Таков был Бодлер: слабый, несчастный человек, безвольный эгоист, требовавший от других любви, но не умевший дать ее даже собственной матери и потому всю жизнь терзавший себя и окружающих. В чем источник этих терзаний? «Совсем еще ребенком, - писал Бодлер, - я питал в своем сердце два противоречивых чувства: ужас жизни и восторг жизни».(6) Бодлер, по сути дела, говорит здесь о двух началах, управляющих нашим существованием: эросе и танатосе. Эрос (любовь) побуждает нас воспринимать жизнь как дар, который нужно сполна прожить и пережить, идя навстречу миру, тогда как танатос (смерть) требует не столько проживания, сколько изживания жизни ради возврата в своего рода Эдем целостности, где нет и намека на конфликты, где в принципе отсутствуют противоречия между потребностью и ее удовлетворением, между «я» и «ты», между внешним и внутреннем и т.п. Именно «восторг жизни» заставляет Бодлера тянуться к людям, добиваться их любви и признания, проявлять энергию, между тем как «ужас жизни», напротив, толкал его вспять, в безмятежный рай материнской ласки, побуждал неделями не выходить из комнаты и всеми возможными способами доказывать свою «неотмирность». Отсюда все метания Бодлера: метания между активностью и пассивностью, между лихорадочными приступами работоспособности и провалами в опиумное забвение, между «желанием возвыситься» и «блаженством нисхождения».

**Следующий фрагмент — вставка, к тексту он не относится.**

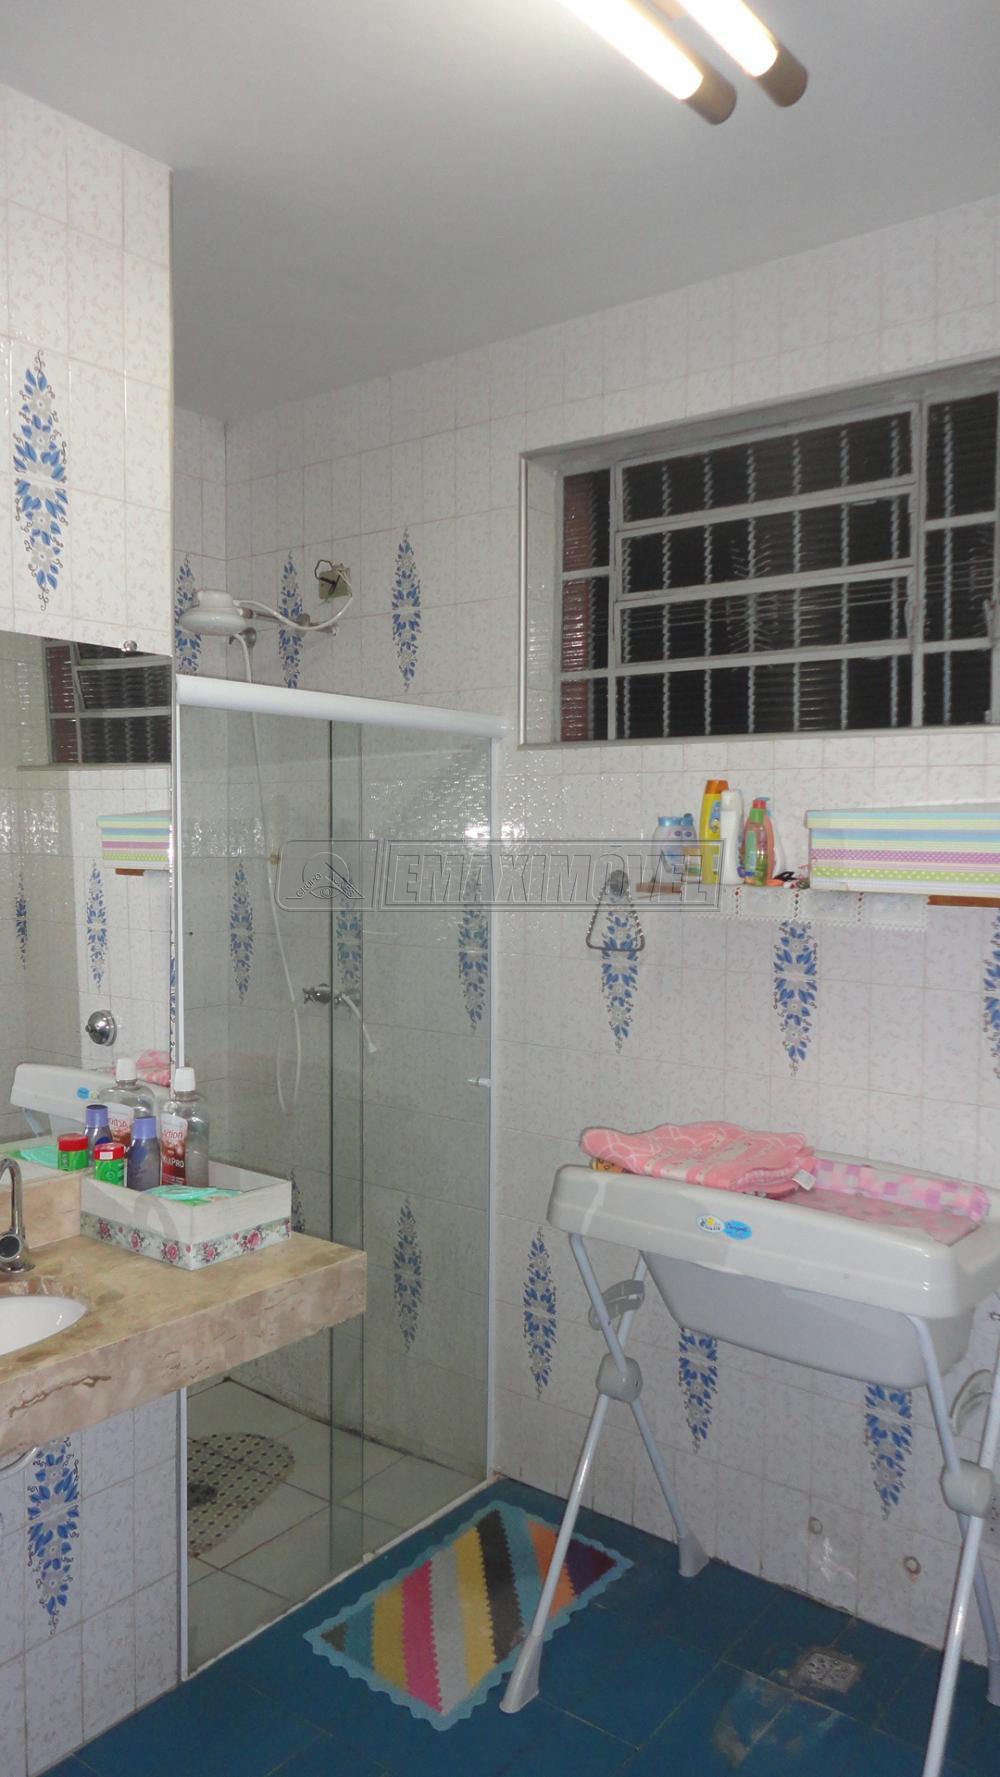 Comprar Casas / em Bairros em Sorocaba apenas R$ 580.000,00 - Foto 12

Правда, обращаясь к юности Бодлера, в нем трудно угадать будущего певца «зла», «сплина» и «скуки». По воспоминаниям современников, в нем не было ничего мрачного, меланхолического или тем более «сатанического». Он сознательно избрал для себя зло, избрал его, прежде всего как заманчивый объект исследования: противопоставляя Шодерло де Лакло и маркиза де Сада прекраснодушной Жорж Санд, он писал: «Зло, знающее само себя, было менее ужасно и более близко к выздоровлению, нежели зло, ничего о себе не ведающее».(6) Рано проснувшееся в Бодлере любопытство к злу, торопливое стремление самому заразиться «грехом», испробовать «окаянный» образ жизни и, главное, исподволь созревшее убеждение в том, что сладострастие и бесстыдный плотский инстинкт как начало зла могут послужить благодатной почвой для творчества, что они суть не что иное, как «амброзия и розовый нектар» поэзии – все это отнють не было результатом какого-то реального жизненного потрясения, но, скорее, плодом бодлеровской рефлексии, его знаменитого «ясного сознания», на которое большое влияние оказали всевозможные опыты «анатомирования» зла как в просветительской, так и в романтической литературе.